I guess this is the only reason for not doing such kind of experiment. It isn't worthy at all.
Outside of virtualization, it would really not be possible to do this on any current processors.
When the processor receives an interrupt, what operating system handles it?
I am trying to write a very thin hypervisor that would have the following restrictions:
runs only one operating system at a time (ie. no OS concurrency, no hardware sharing, no way to switch to another OS)
it should be able only to isolate some portions of RAM (do some memory translations behind the OS - let's say I have 6GB of RAM, I want Linux / Win not to use the first 100MB, see just 5.9MB and use them without knowing what's behind)
I searched the Internet, but found close to nothing on this specific matter, as I want to keep as little overhead as possible (the current hypervisor implementations don't fit my needs).
What you are looking for already exists, in hardware!
It's called IOMMU[1]. Basically, like page tables, adding a translation layer between the executed instructions and the actual physical hardware.
AMD calls it IOMMU[2], Intel calls it VT-d (please google:"intel vt-d" I cannot post more than two links yet).
[1] http://en.wikipedia.org/wiki/IOMMU
[2] http://developer.amd.com/documentation/articles/pages/892006101.aspx
Here are a few suggestions / hints, which are necessarily somewhat incomplete, as developing a from-scratch hypervisor is an involved task.
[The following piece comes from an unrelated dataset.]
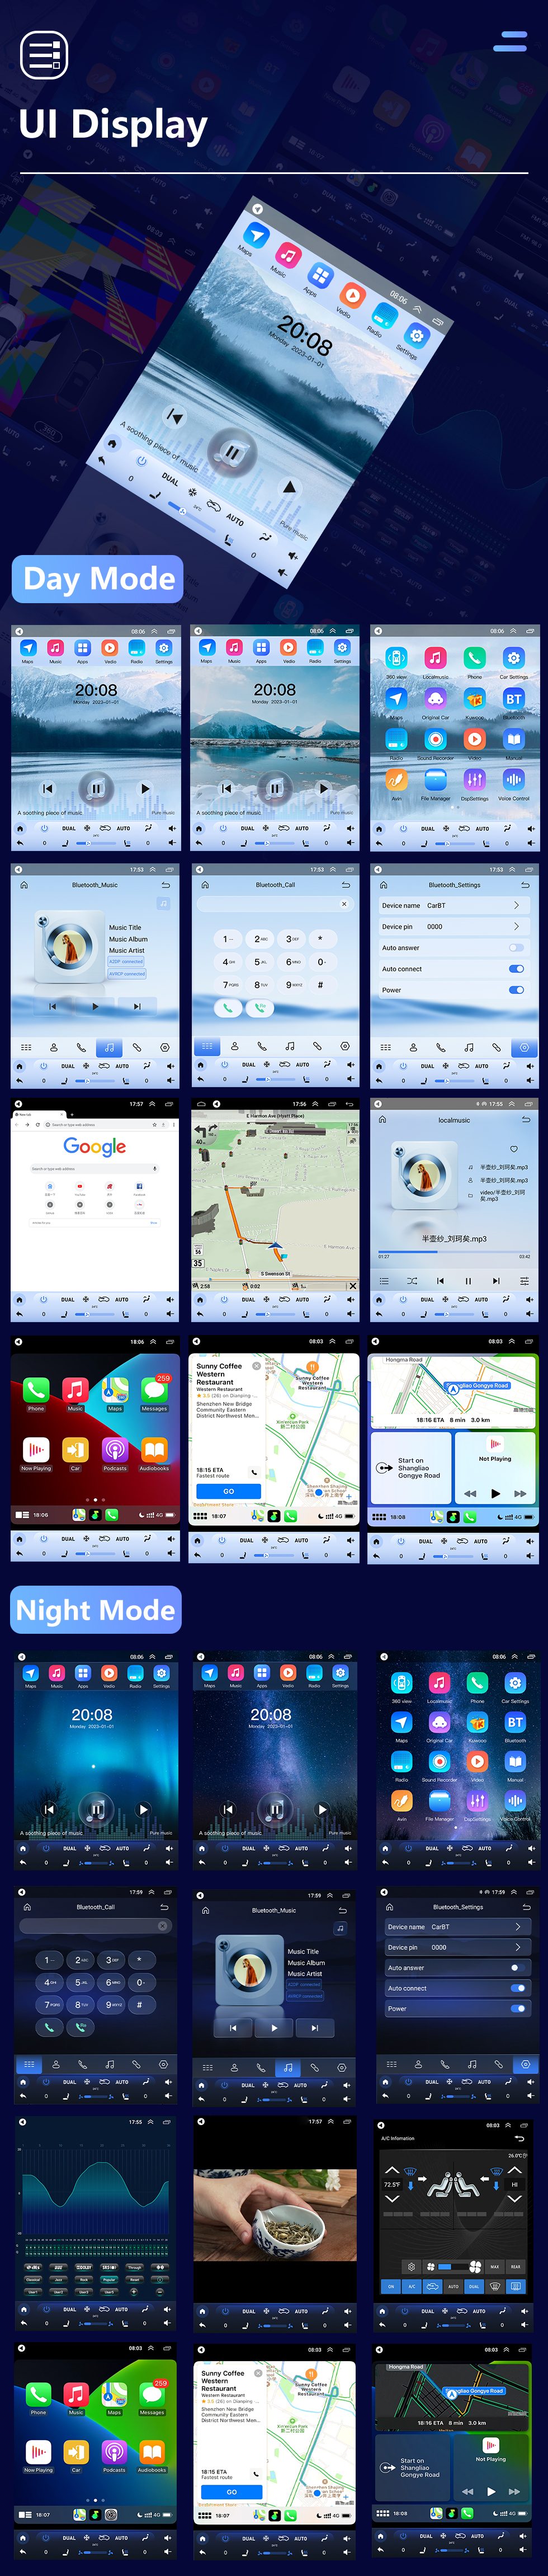 Seicane OEM 12,1 polegadas Android 10.0 para 2014 2015 Jeep Grand Cherokee SRT Rádio Sistema de Navegação GPS HD Touchscreen Bluetooth Carplay

Make your hypervisor "multiboot-compliant" at first. This will enable it to reside as a typical entry in a bootloader configuration file, e.g., /boot/grub/menu.lst or /boot/grub/grub.cfg.
You want to set aside your 100MB at the top of memory, e.g., from 5.9GB up to 6GB. Since you mentioned Windows I'm assuming you're interested in the x86 architecture. The long history of x86 means that the first few megabytes are filled with all kinds of legacy device complexities. There is plenty of material on the web about the "hole" between 640K and 1MB (plenty of information on the web detailing this). Older ISA devices (many of which still survive in modern systems in "Super I/O chips") are restricted to performing DMA to the first 16 MB of physical memory. If you try to get in between Windows or Linux and its relationship with these first few MB of RAM, you will have a lot more complexity to wrestle with. Save that for later, once you've got something that boots.
As physical addresses approach 4GB (2^32, hence the physical memory limit on a basic 32-bit architecture), things get complex again, as many devices are memory-mapped into this region. For example (referencing the other answer), the IOMMU that Intel provides with its VT-d technology tends to have its configuration registers mapped to physical addresses beginning with 0xfedNNNNN.
This is doubly true for a system with multiple processors. I would suggest you start on a uniprocessor system, disable other processors from within BIOS, or at least manually configure your guest OS not to enable the other processors (e.g., for Linux, include 'nosmp'
on the kernel command line -- e.g., in your /boot/grub/menu.lst).
Next, learn about the "e820" map. Again there is plenty of material on the web, but perhaps the best place to start is to boot up a Linux system and look near the top of the output 'dmesg'. This is how the BIOS communicates to the OS which portions of physical memory space are "reserved" for devices or other platform-specific BIOS/firmware uses (e.g., to emulate a PS/2 keyboard on a system with only USB I/O ports).
One way for your hypervisor to "hide" its 100MB from the guest OS is to add an entry to the system's e820 map. A quick and dirty way to get things started is to use the Linux kernel command line option "mem=" or the Windows boot.ini / bcdedit flag "/maxmem".
There are a lot more details and things you are likely to encounter (e.g., x86 processors begin in 16-bit mode when first powered-up), but if you do a little homework on the ones listed here, then hopefully you will be in a better position to ask follow-up questions.